SOURCE MATERIAL
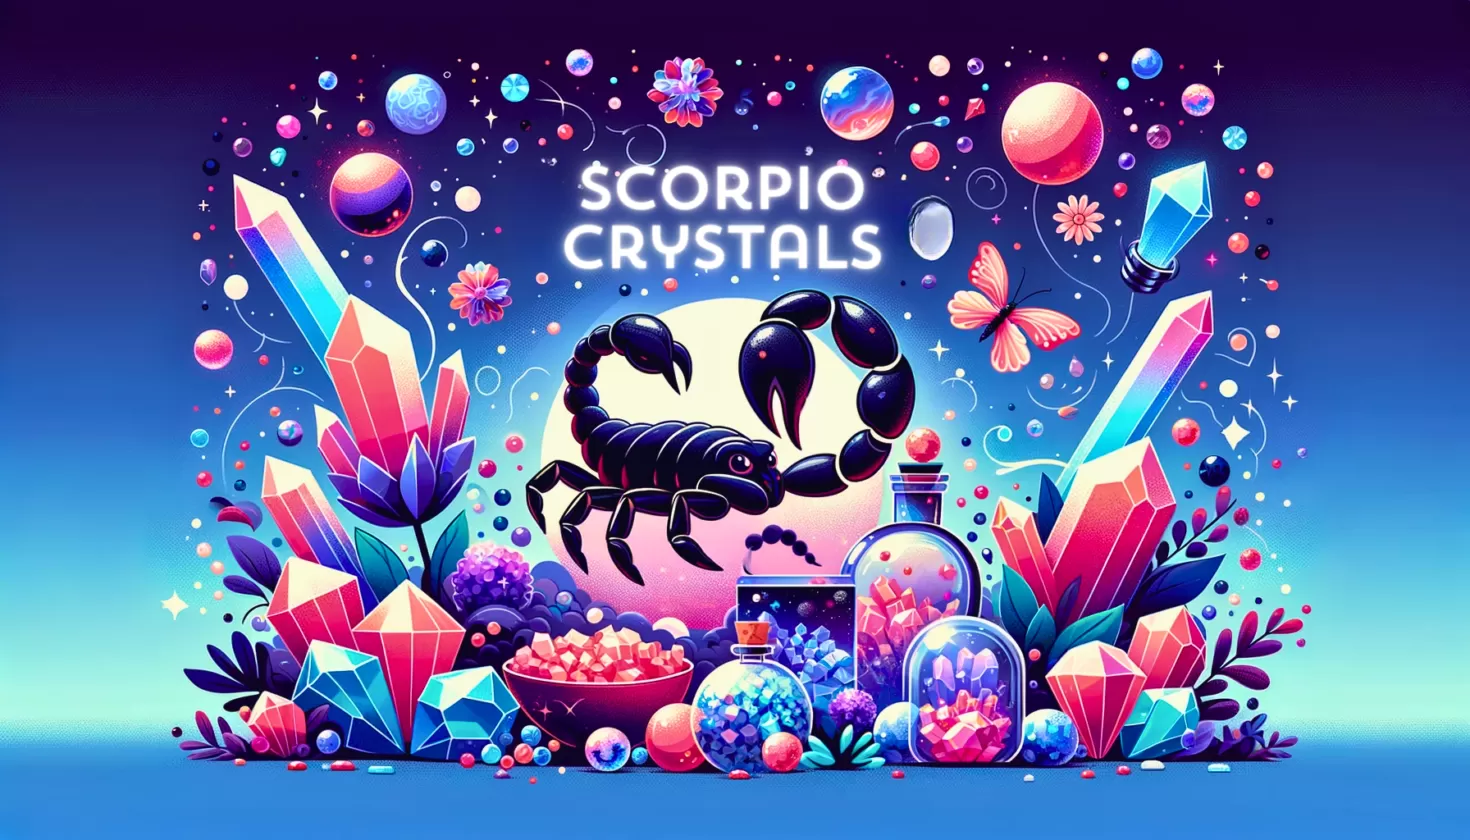 Scorpio Crystals: Scorpio Zodiac Sign with Resonating Crystals, Symbolizing Intensity and Healing Powers
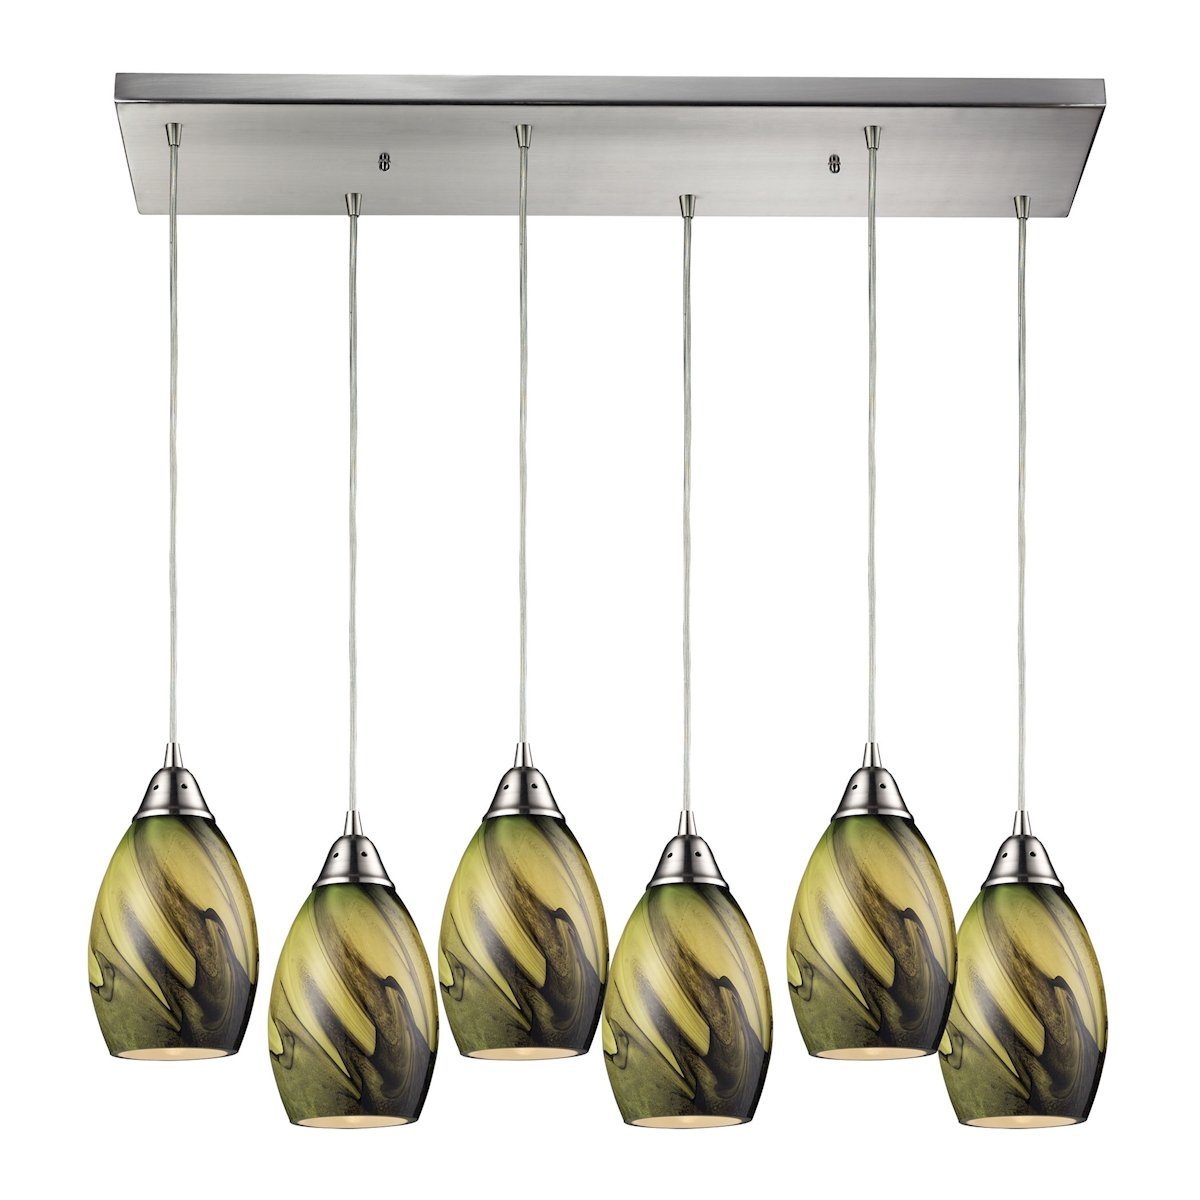 Formations 6 Light Pendant In Satin Nickel And Planetary Glass Ceiling Elk Lighting 
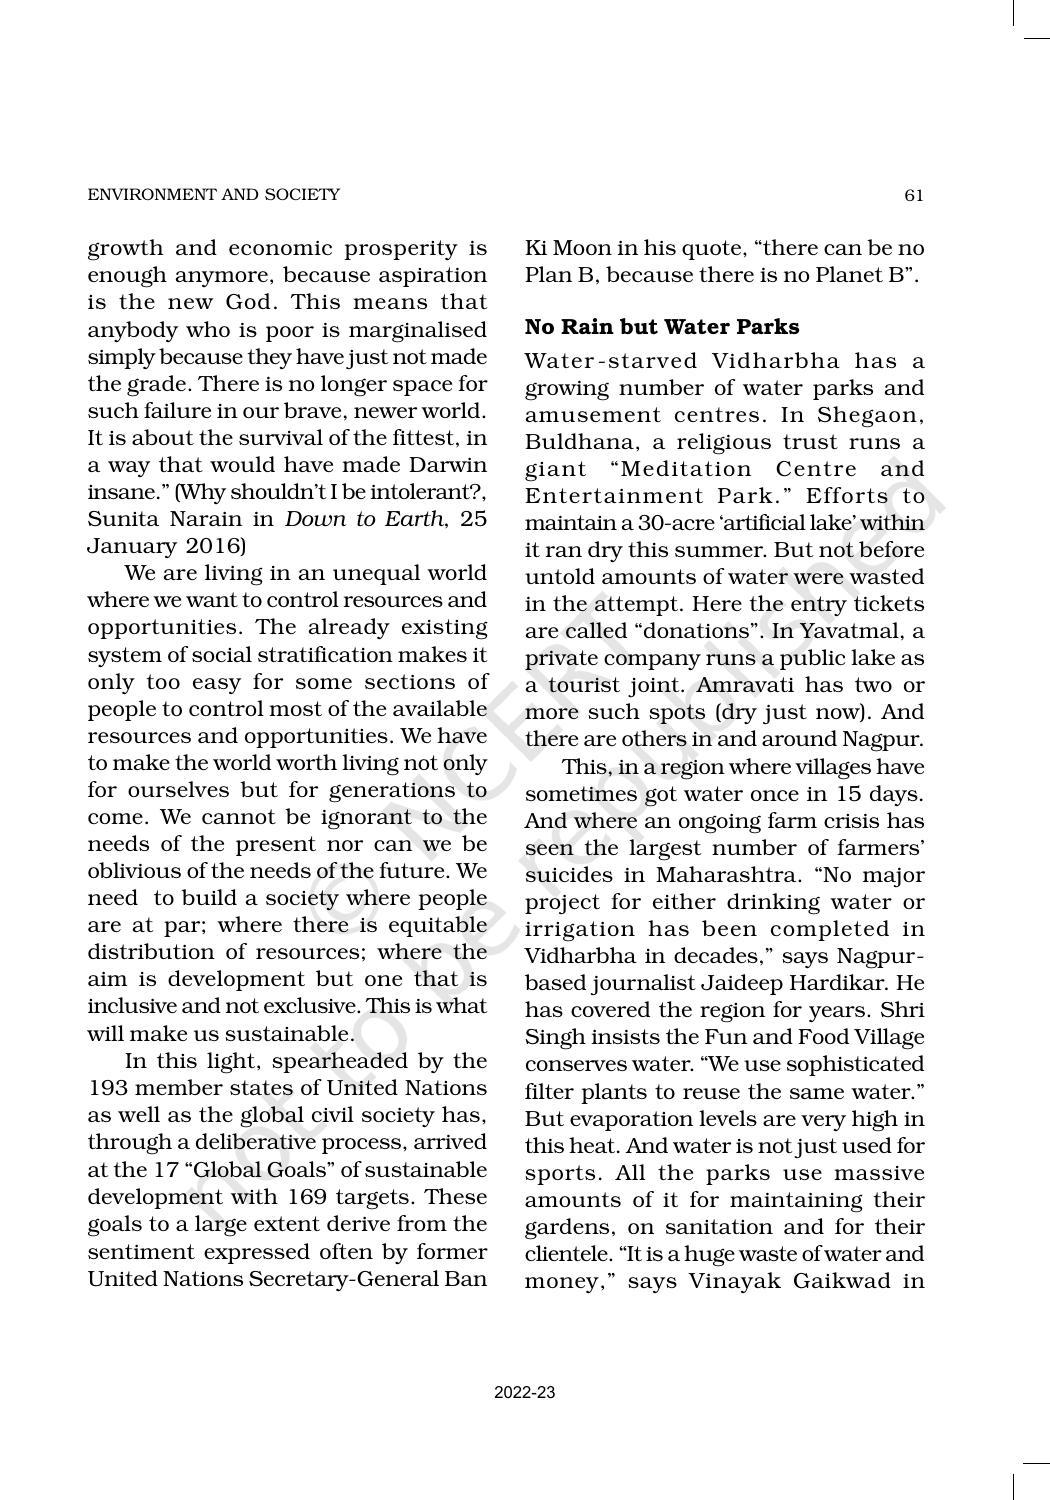 NCERT Book for Class 11 Sociology (Part-II) Chapter 3 Environment and Society - Page 12
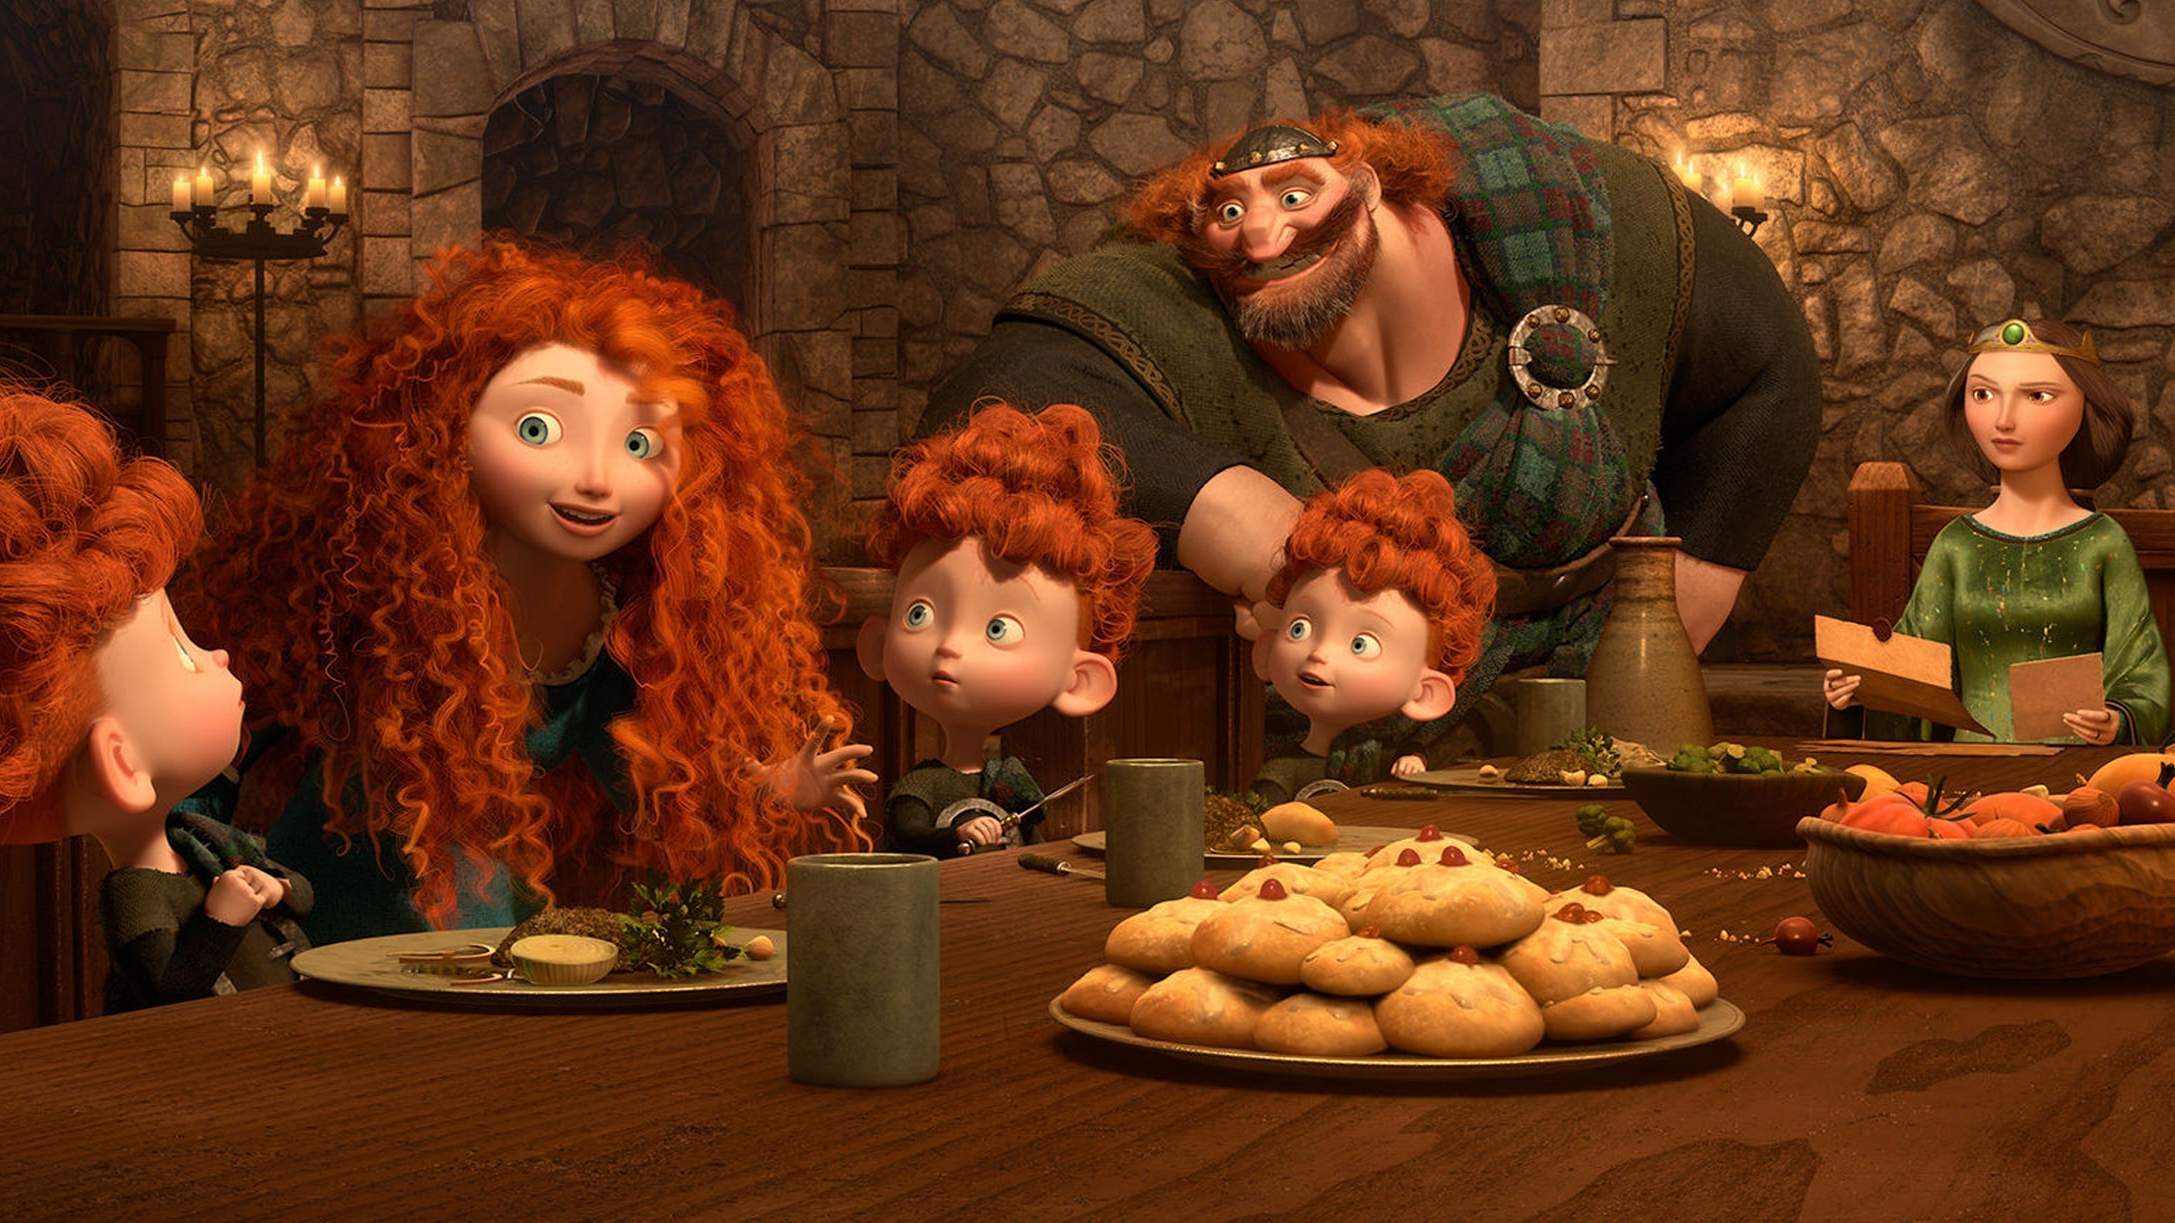 Merida telling her brothers the epic tale of her father's battle with a bear.

PROBLEM REQUIREMENTS
The required output is the lines from the one containing "NCERT Book for" through the end of the data, printed exactly, with no pictures.

RESULT OF THIS EXERCISE
 NCERT Book for Class 11 Sociology (Part-II) Chapter 3 Environment and Society - Page 12
 Merida telling her brothers the epic tale of her father's battle with a bear.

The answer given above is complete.